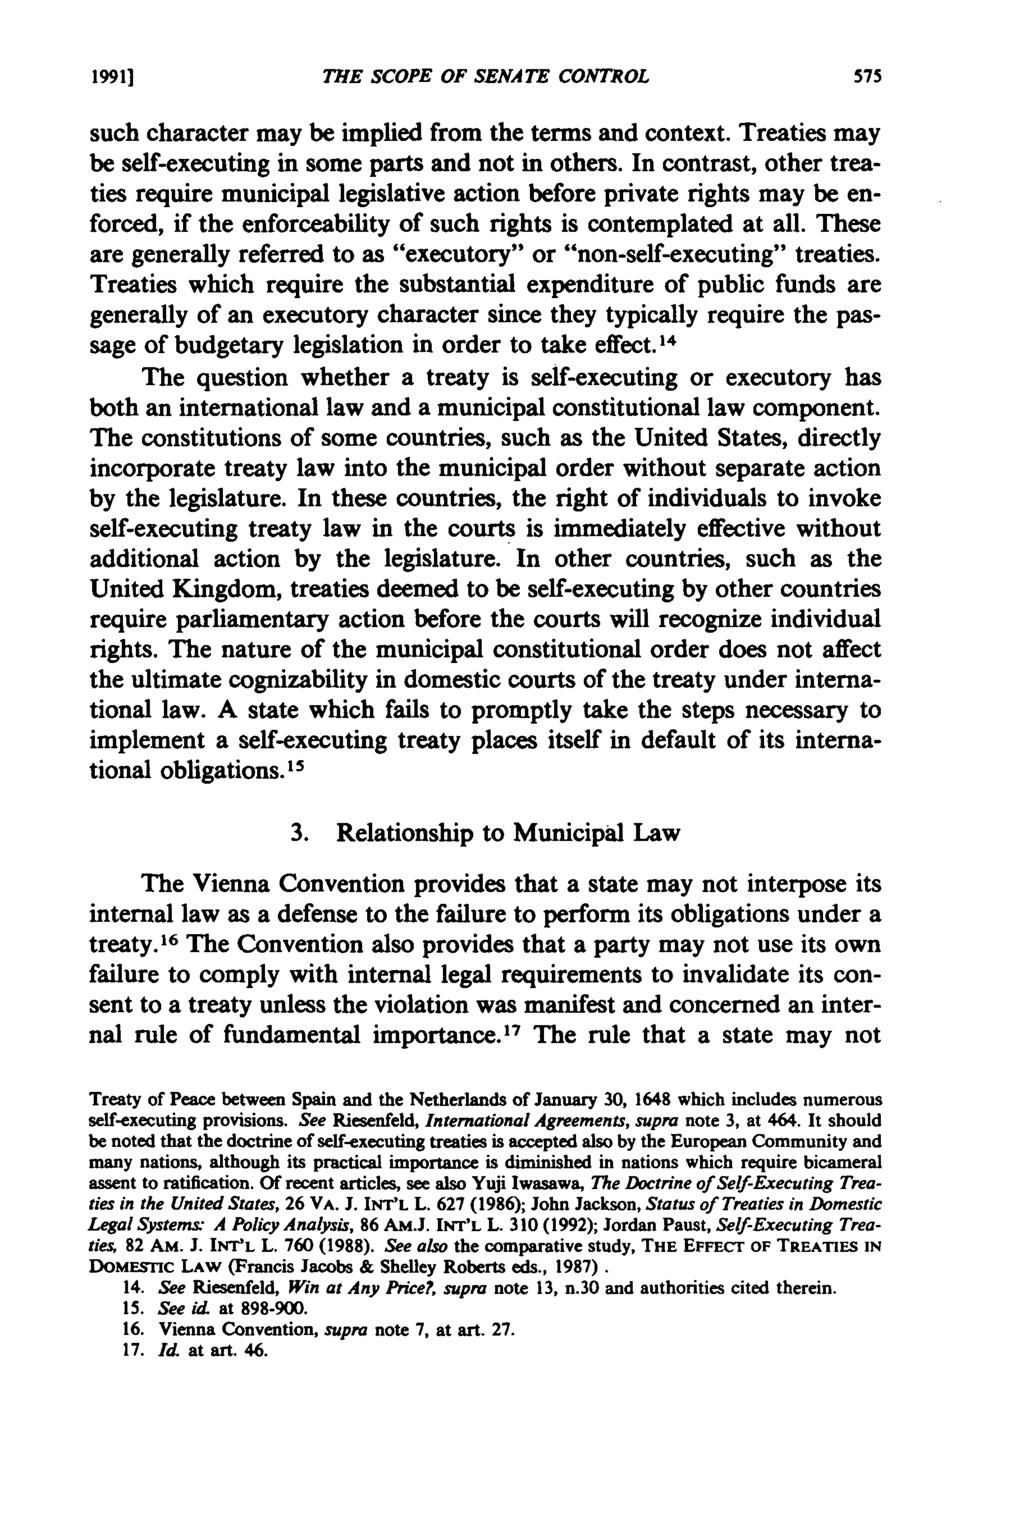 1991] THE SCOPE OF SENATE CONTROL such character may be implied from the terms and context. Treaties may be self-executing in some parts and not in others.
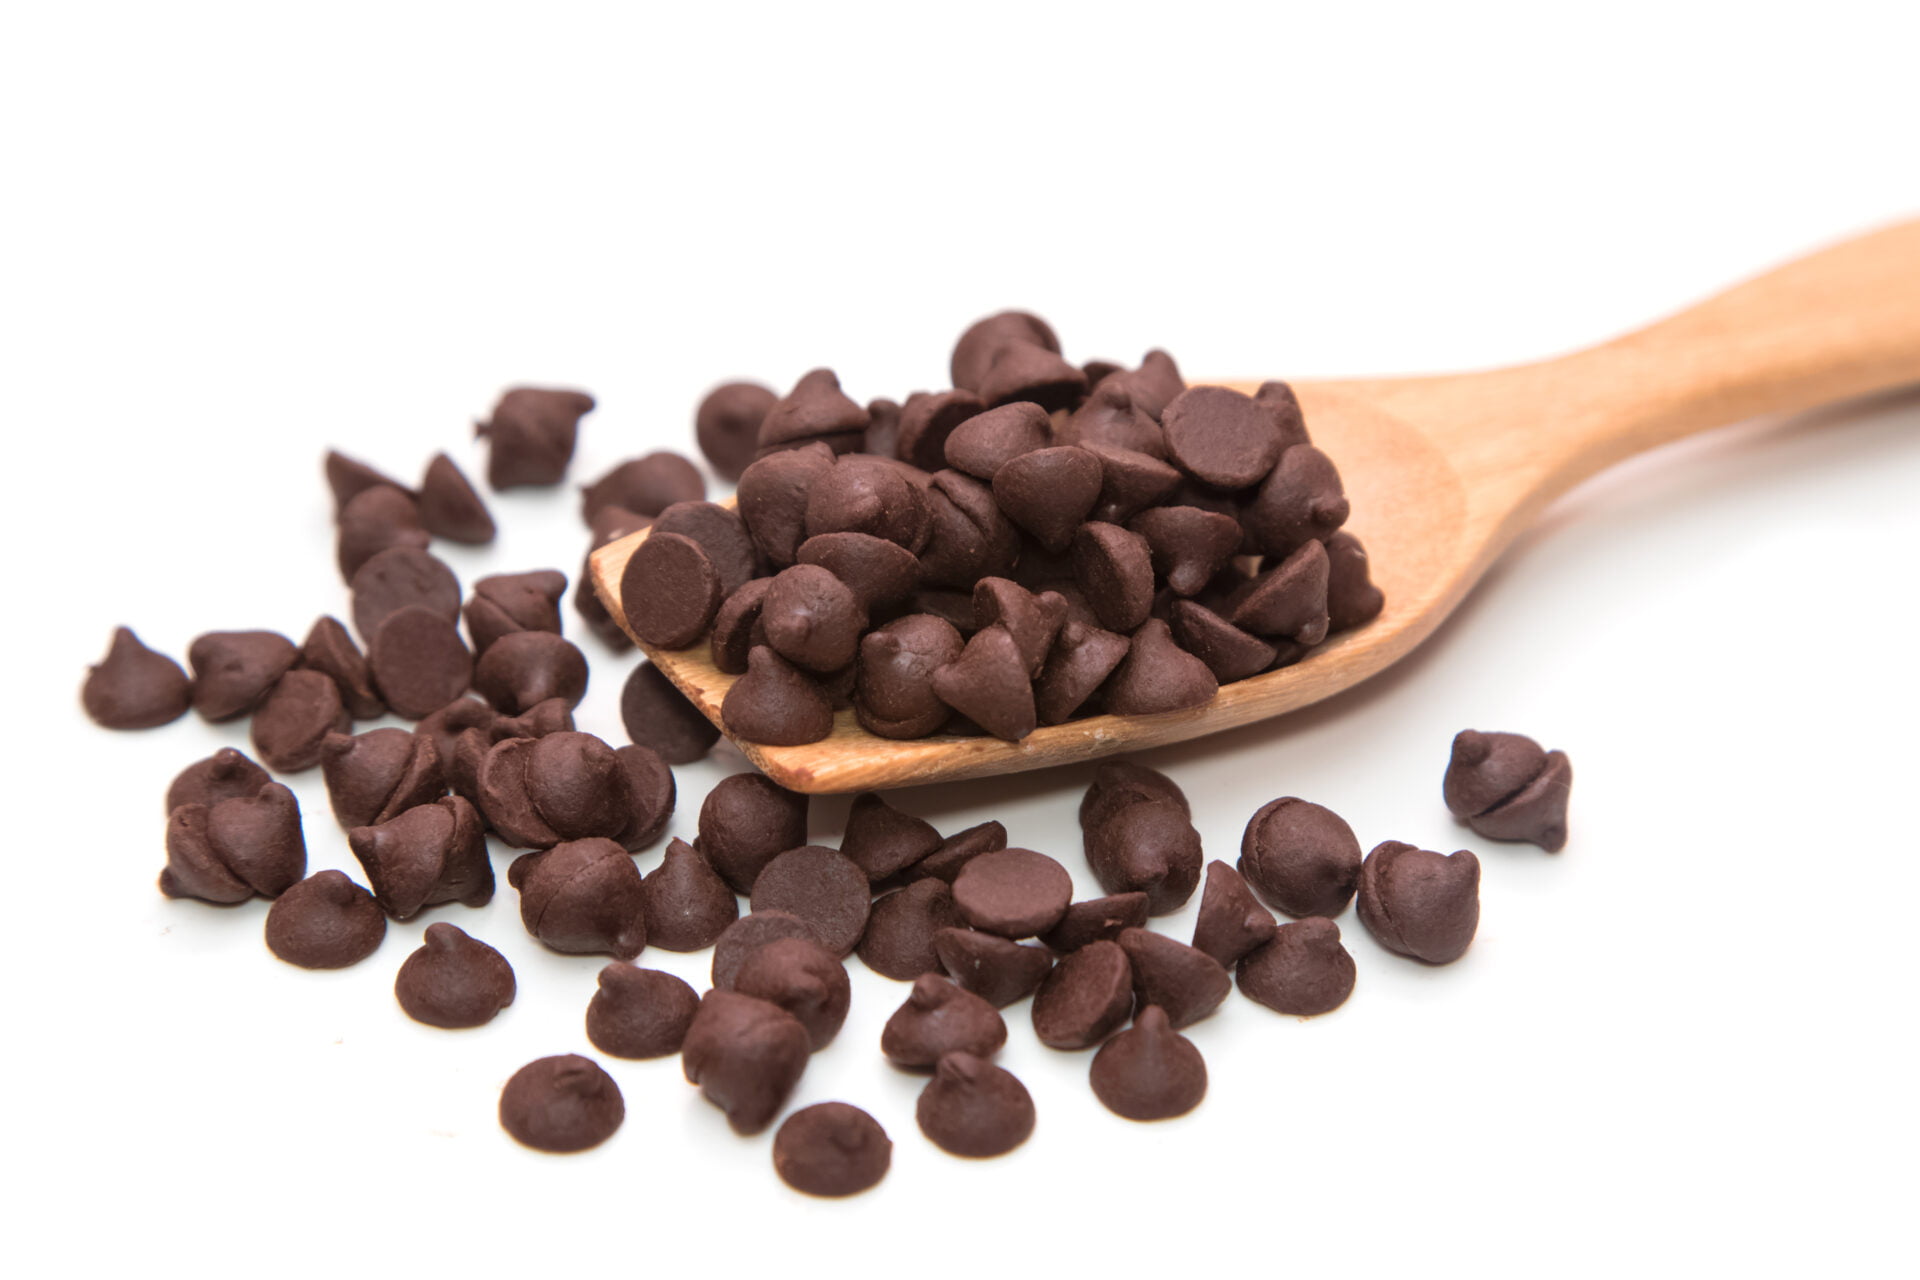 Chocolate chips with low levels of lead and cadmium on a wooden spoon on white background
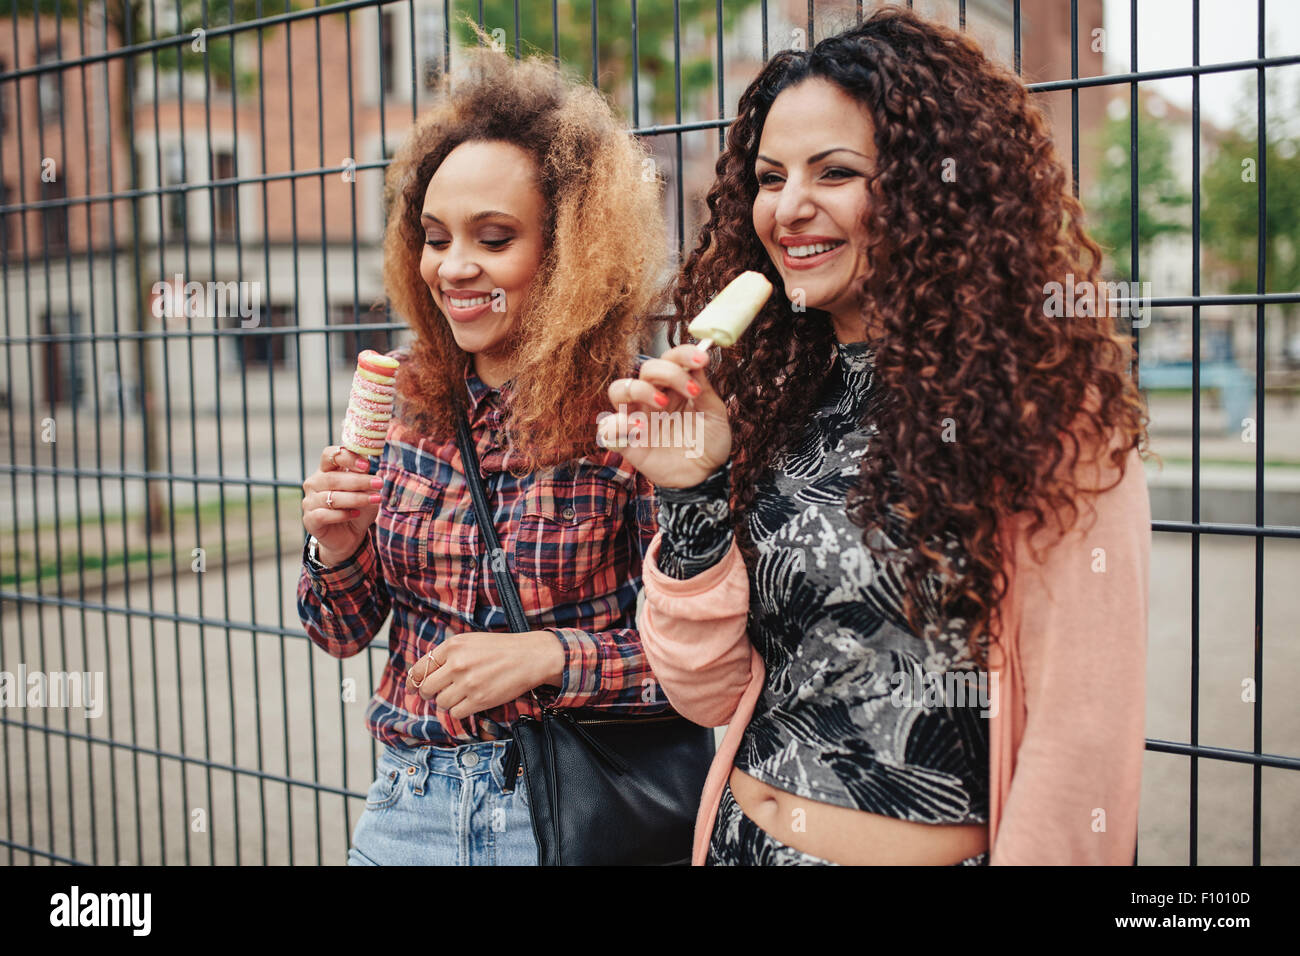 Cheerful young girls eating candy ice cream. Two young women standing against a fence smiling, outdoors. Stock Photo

-*-

*How to complete this task:* The data above should be repeated exactly, minus any pictures.

*Solution to the exercise:*
 1991] THE SCOPE OF SENATE CONTROL such character may be implied from the terms and context. Treaties may be self-executing in some parts and not in others.
 Chocolate chips with low levels of lead and cadmium on a wooden spoon on white background
 Cheerful young girls eating candy ice cream. Two young women standing against a fence smiling, outdoors. Stock Photo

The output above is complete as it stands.